*** INFORMATION PROVIDED ***

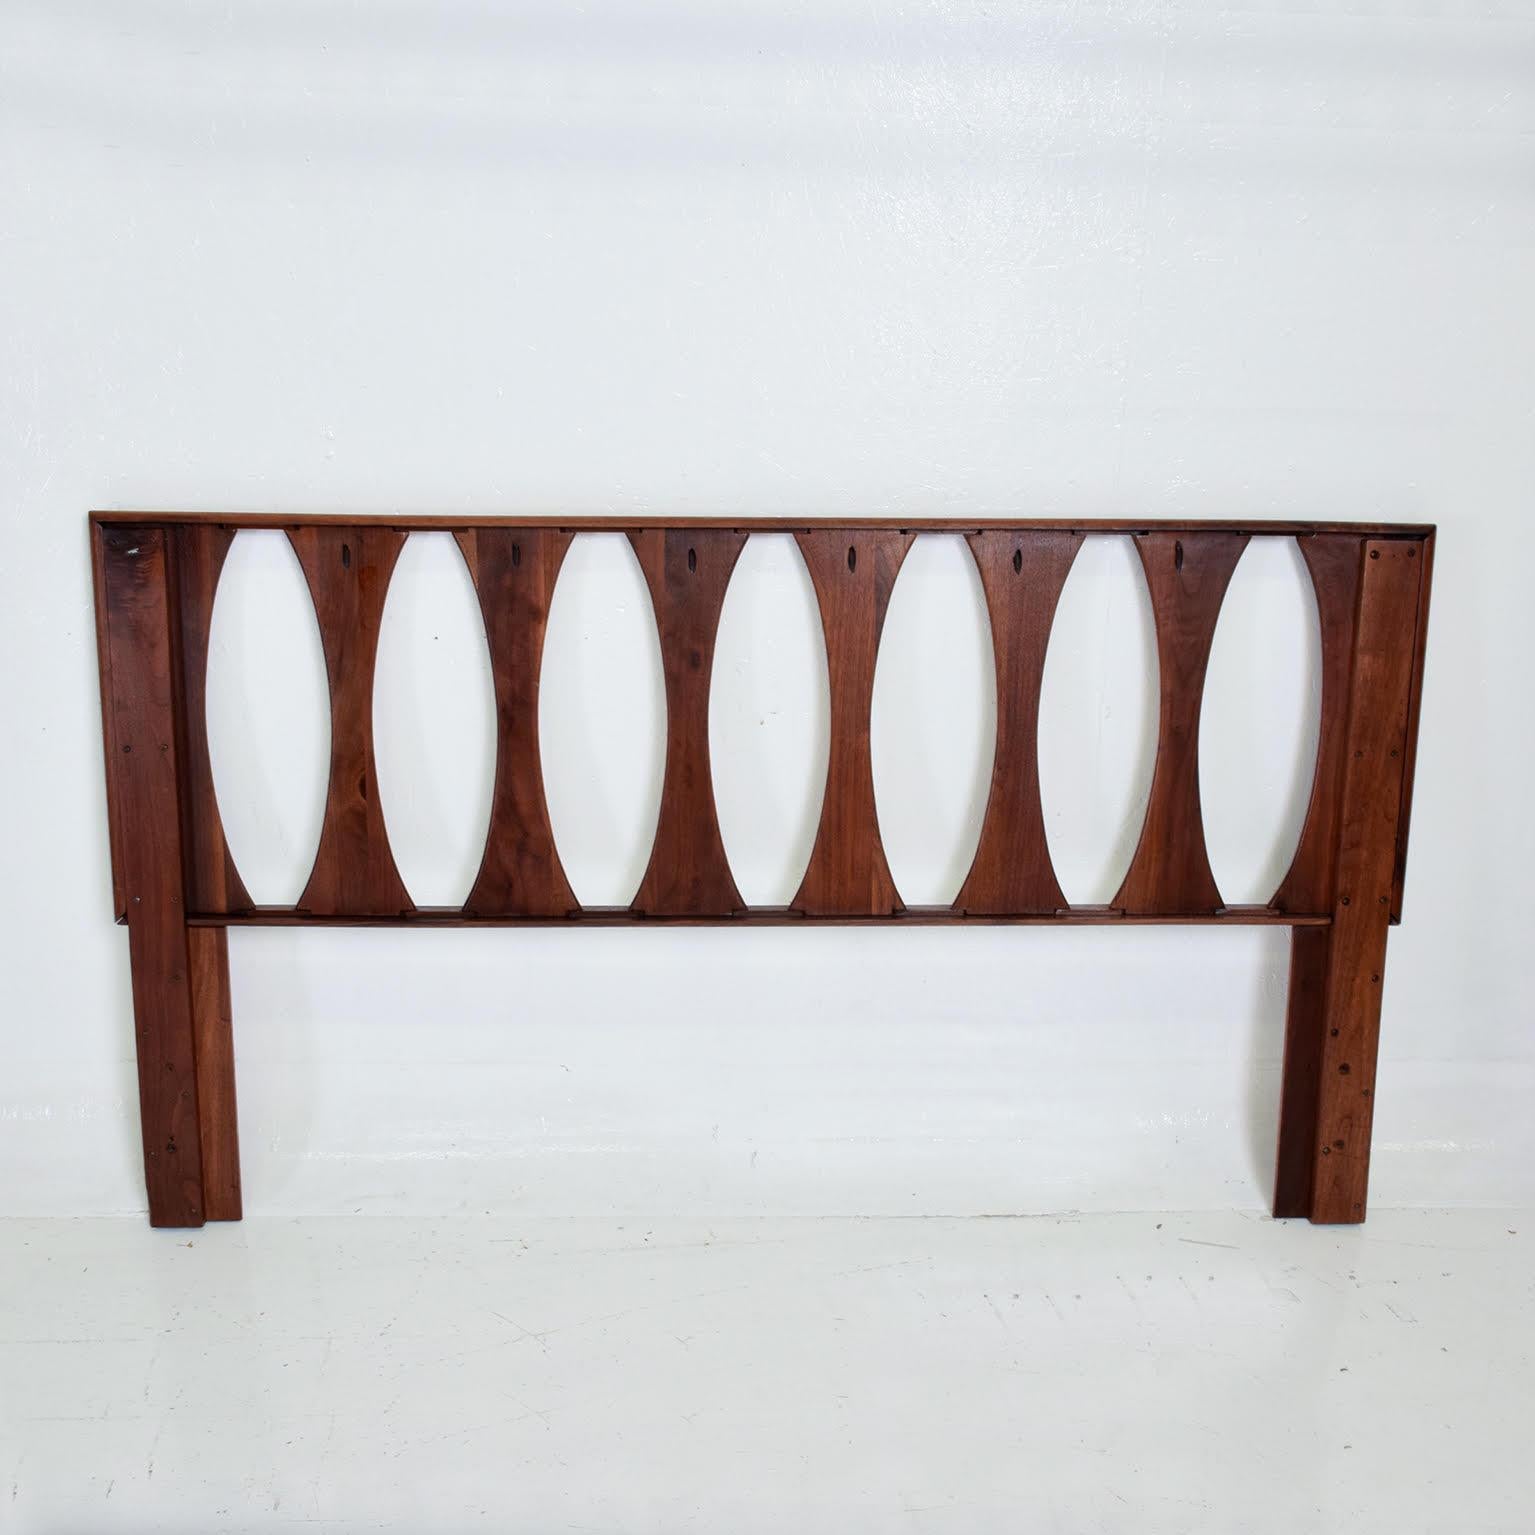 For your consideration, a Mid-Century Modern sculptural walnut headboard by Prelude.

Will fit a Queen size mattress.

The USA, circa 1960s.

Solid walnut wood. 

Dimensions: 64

*** End of INFORMATION PROVIDED ***

*EXERCISE INSTRUCTIONS:*
Reprint the data verbatim, pictures excluded.

*YOUR RESPONSE:*
 For your consideration, a Mid-Century Modern sculptural walnut headboard by Prelude.

Will fit a Queen size mattress.

The USA, circa 1960s.

Solid walnut wood. 

Dimensions: 64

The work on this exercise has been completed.